Another week, another story that calls into question the LePage administration’s ability to execute the basic tasks of governance.

Just a few days after a legislative committee opened an investigation into the deaths of two girls involved with the Department of Health and Human Services, raising questions about whether the department’s seemingly overburdened caseworkers have been getting the resources they need, the Morning Sentinel reported a similar situation in the Department of Labor’s Bureau of Unemployment Compensation.

In a confidential internal memo obtained by Sentinel reporter Colin Ellis, an unnamed Department of Labor employee details how the implementation of a new unemployment claims system went awry, a development the memo says was met with indifference by senior managers. As a result, benefits for thousands of Mainers were delayed or denied altogether.

Worse, the managerial indifference may have grown out of contempt for the people receiving benefits they are entitled to.

The allegations in the memo are backed by two former temporary employees who talked to the Sentinel, as well as by the experiences of numerous Mainers who have come forward to tell how the new system failed them.

The new system, ReEmployME, was launched in December, despite continuing problems with its use in Mississippi and against the judgment of some employees. It went online just as the number of claims jumps up as seasonal employees are let go. From all evidence, the system could not handle it.

According to the memo, claimants were wrongly told to use their old usernames and passwords on the new system, which quickly locked them out. Because only select personnel were able to unlock an account and reset passwords, the calls hit a bottleneck, and the overflow calls, many from recently laid-off first-time claimants, were sent to voicemail.

Employees worked overtime, and more temporary workers were brought in, but they couldn’t keep up. Claimants were told to go to regional career centers for help, but the centers weren’t trained properly.

Eventually, according to the memo and the former employees, the voicemail was shut off, the staff was ordered not to take any more messages, and the voicemails left for the office, now written on pieces of paper collected in a basket, were removed to the director’s office and never seen again.

Meanwhile, those who could not properly complete their claims in time had their accounts shut down and their claims denied.

The bureau’s director, John Feeney, told legislators last month that the problems were the result of user error. But he also said that the phone lines were open, which has been refuted by an endless stream of claimants, many of whom sat on hold for hours before their calls were dropped without explanation.

Instead, the memo and former employees describe a department where morale has cratered, and where senior managers are uninterested in helping claimants, who were being disparaged in a way familiar to followers of the LePage administration.

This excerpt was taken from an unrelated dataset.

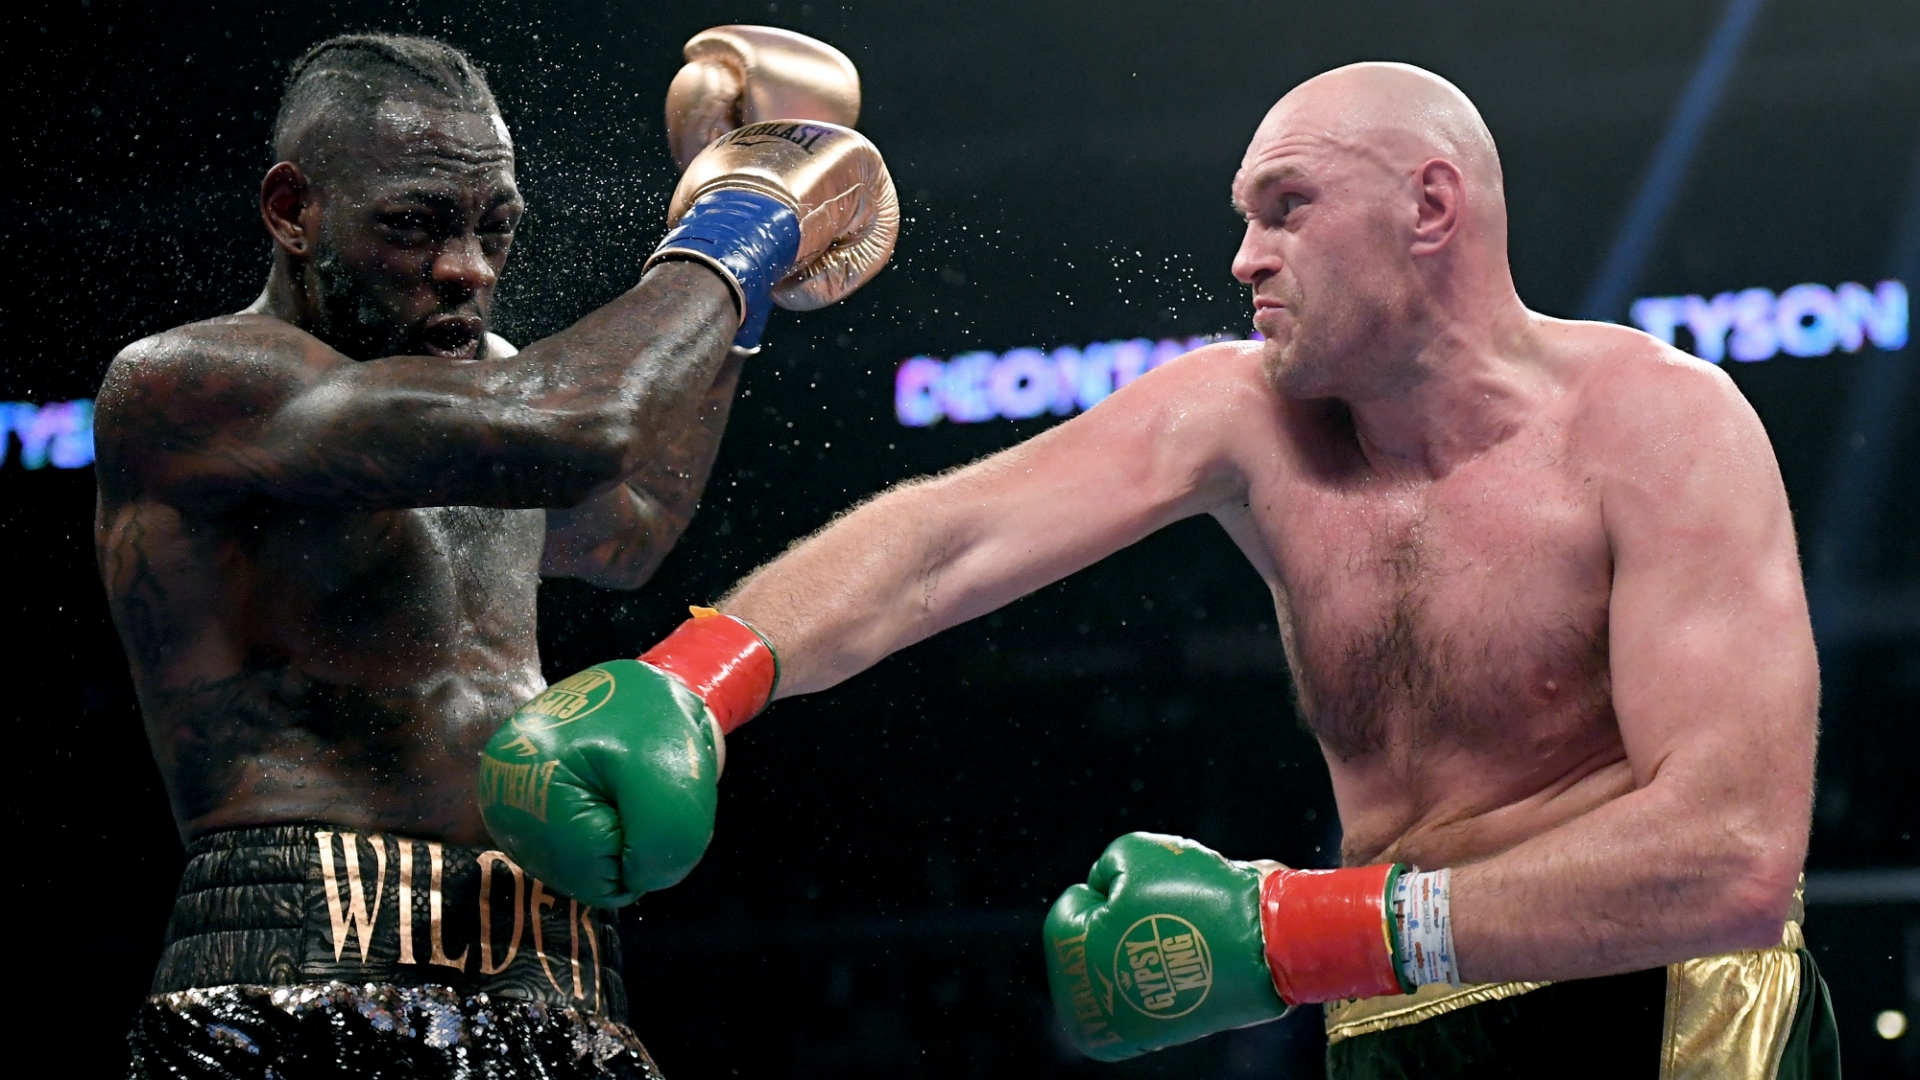 Tyson Fury expects Deontay Wilder rematch in March or April 2020 - The Ring

“They think it’s a welfare thing,” one of the employees told the Sentinel. “They don’t realize these people are suffering. They don’t want to help at all.”

Launching a unfinished system during a busy time of the year with an ill-prepared staff points to incompetence. Using that failing system to deny benefits to people who need and deserve them is something quite different.

Once again, a breakdown in government is causing misery, and once again we are left wondering if it’s on purpose.